Parliament of the country is the repository of the sovereign will of the people and its successful functioning is the responsibility of both the Government and Opposition.

Quite.

Monday, 10 December 2018

St John Roberts

Today is the Anniversary of the execution of one of the many namesakes of mine.  Saint (for that is how he has become known) John Roberts was Welsh (as Robertses always ultimately are), born in 1577 to a farming family.


Namesake he may have been, but in very many ways our paths seem quite opposite.  Born into a Protestant home John was converted to Catholicism in France.  In the febrile world of Reformation and Counter-Reformation religious politics he found himself in the wrong religion in the wrong place.

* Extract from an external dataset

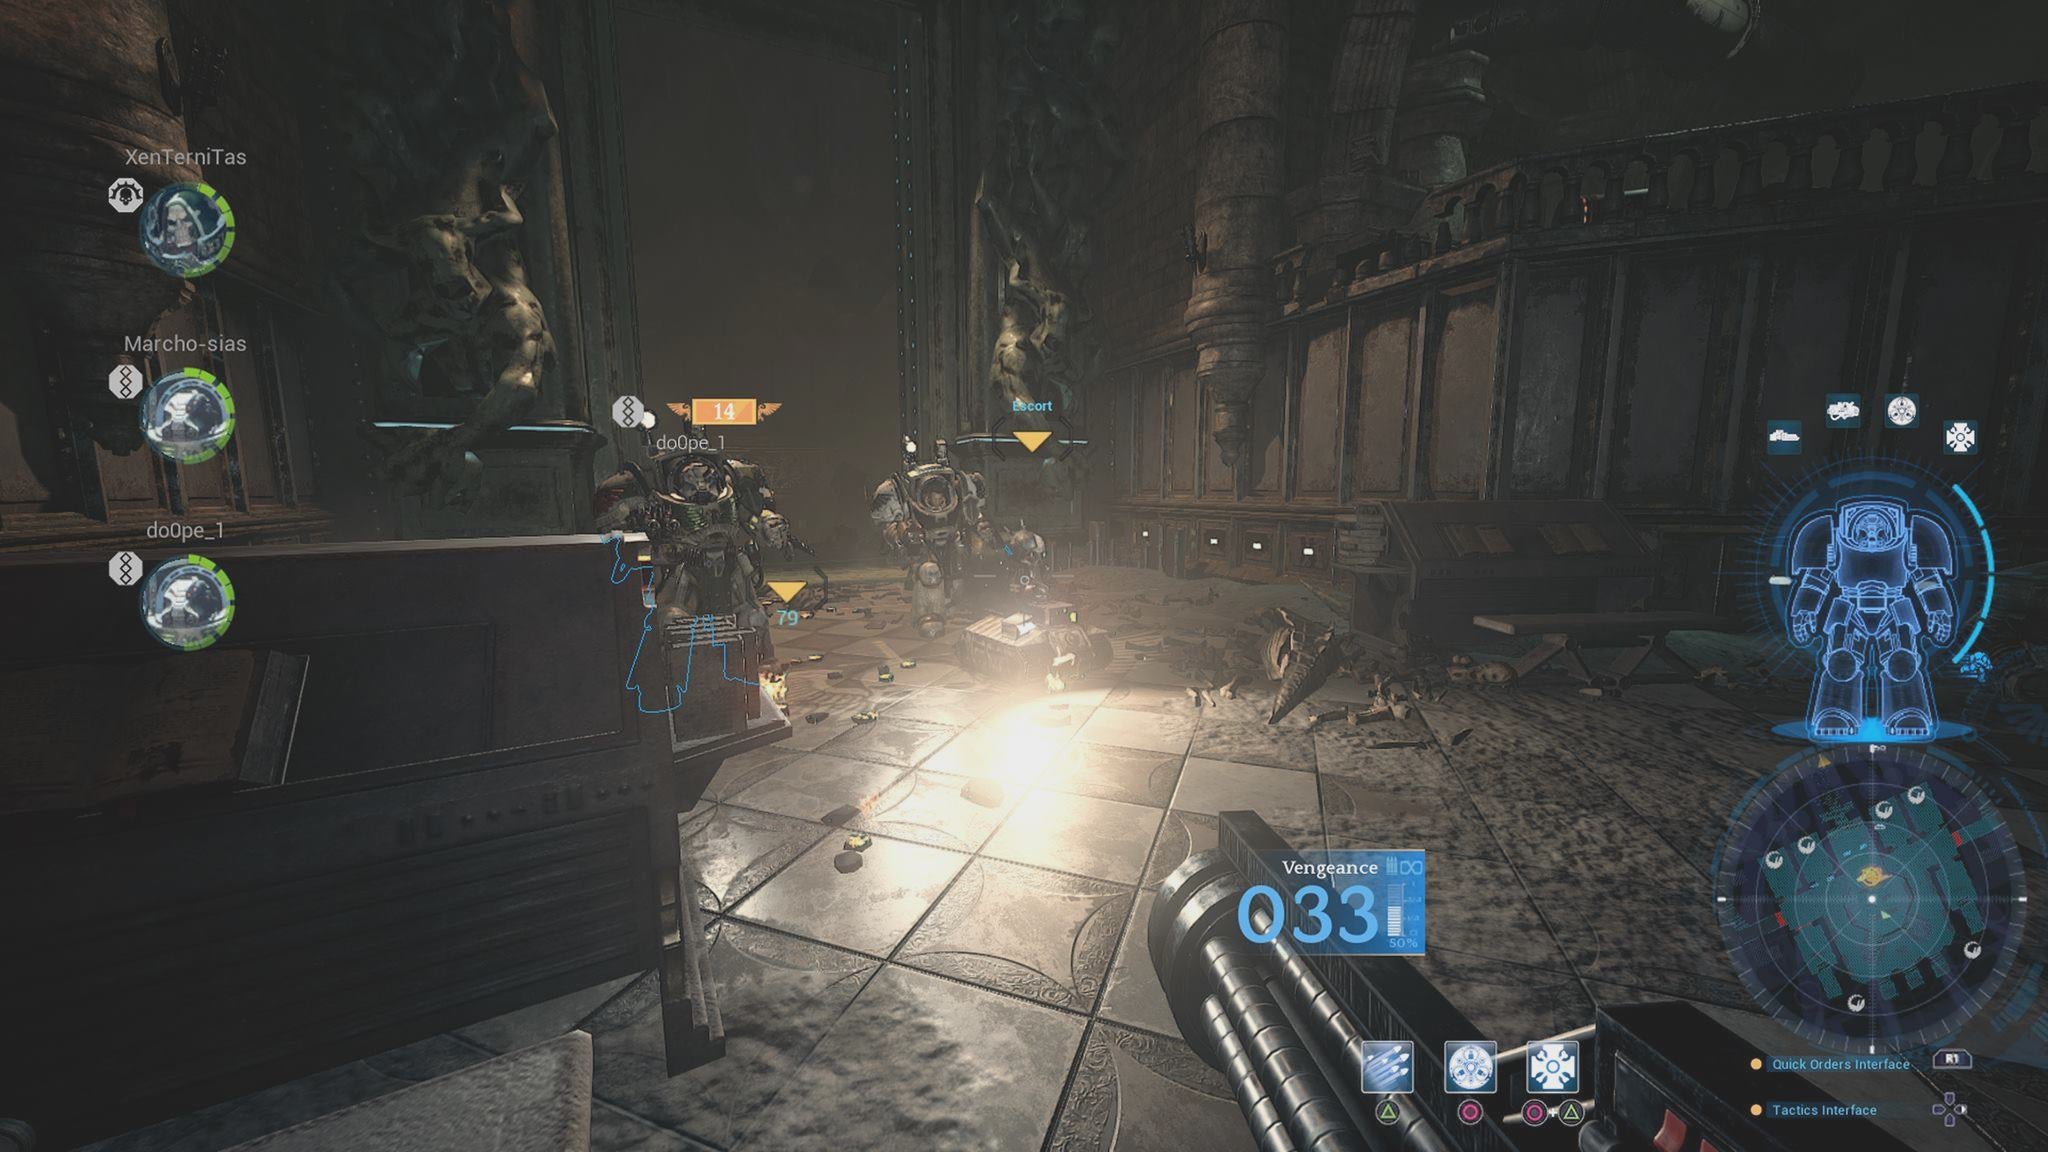 Screenshot of Space Hulk: Deathwing game showing player interface and characters.
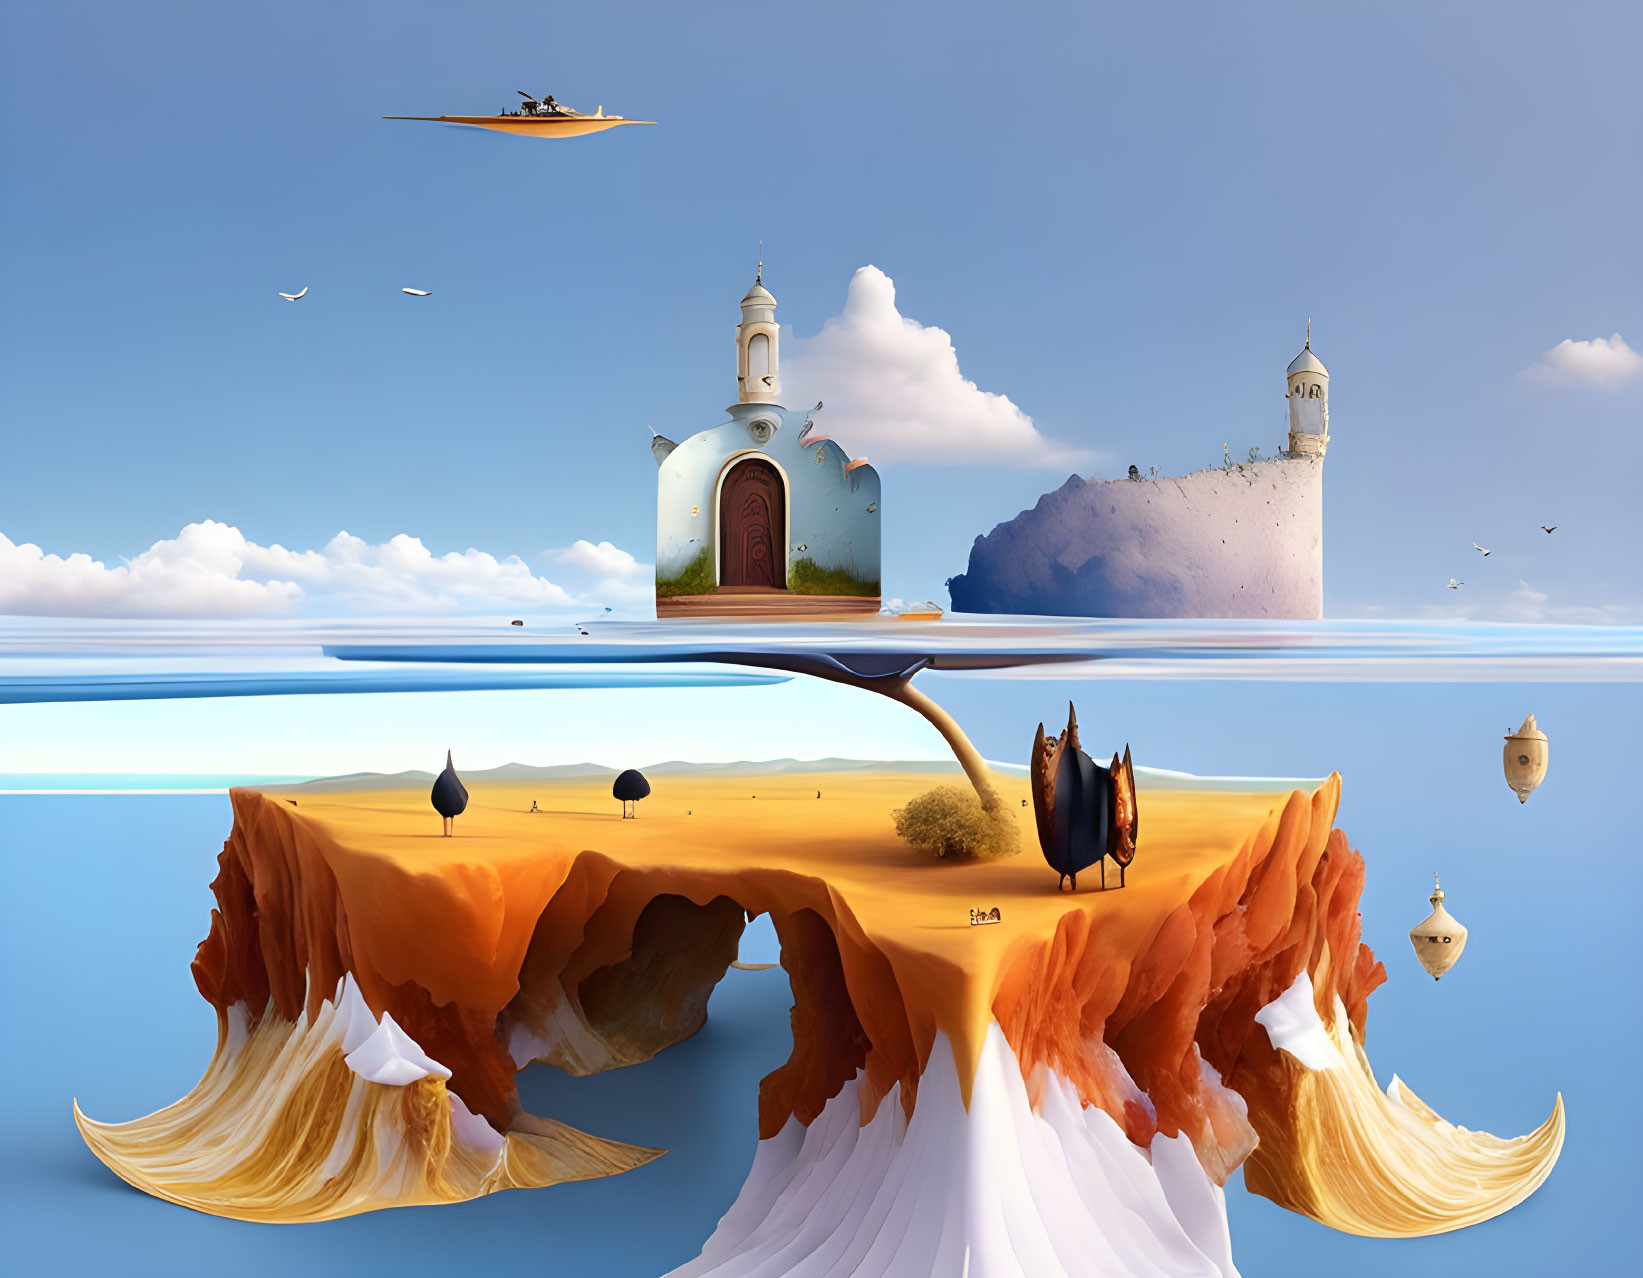 Surreal floating island with church, lighthouse, and upside-down elements in clear blue skies

In returning from Europe to London he knew he was in mortal danger, but he wanted to work among London's poor anyhow.  From this act of foolery or bravery came his execution.  Yet even at his Tyburn execution the usual cruelties of that age were mitigated by his popularity with the poor.  They would not permit the authorities to treat his body with quite the cruelty they normally would have done - at least not before he was dead.  London has a very long list of cruelties on its hands;  it has also, as Charles Dickens for one reminds us, always had plenty of The Poor.

From his village birth to die at 33 years of age in the capital city after having a reputation for looking after the poor?  Well, for all my Protestantism I can see some reasons to think of him as saintly and a reminder of Someone else.

Wednesday, 5 December 2018

George H W Bush

A peculiarity of  being a Pastor is that, although most days reinforce a sense of how inconsequential you are seen to be by the world, you do get to meet a disproportionate number of important, famous people.

One such for me, and whose memorial is happening today, was George H W Bush, the 41st President of the United States of America.  The occasion of meeting him - or more strictly of him meeting me - was when he visited the Church in America where I was on the staff.  He came to speak a greeting at one of the morning worship services and he was brought to meet those of us with whom he would be sharing the platform.


It was naturally a brief encounter, but it was long enough to feel the warmth of personality that has been eulogised today and which contrasts with what is sometimes experienced from lesser women and men.

But back to the meeting.  Did I meet him or did he meet me?

Well, I was at work; I was in a room that I frequented dozens of times in the course of that work and George Bush, I imagine, had never been into that room before.  He may never have been to the church premises before.  It seems to me that he met me.  I was where I would usually be and he wasn't.

Which neatly brings us toward Christmas.  For is it not one of the greatest and most wonderful things about Christmas that we do not go to glory to meet God until, first, he has come to our place - in truth somewhat beneath our place - to meet us?  We meet him because he first meets us.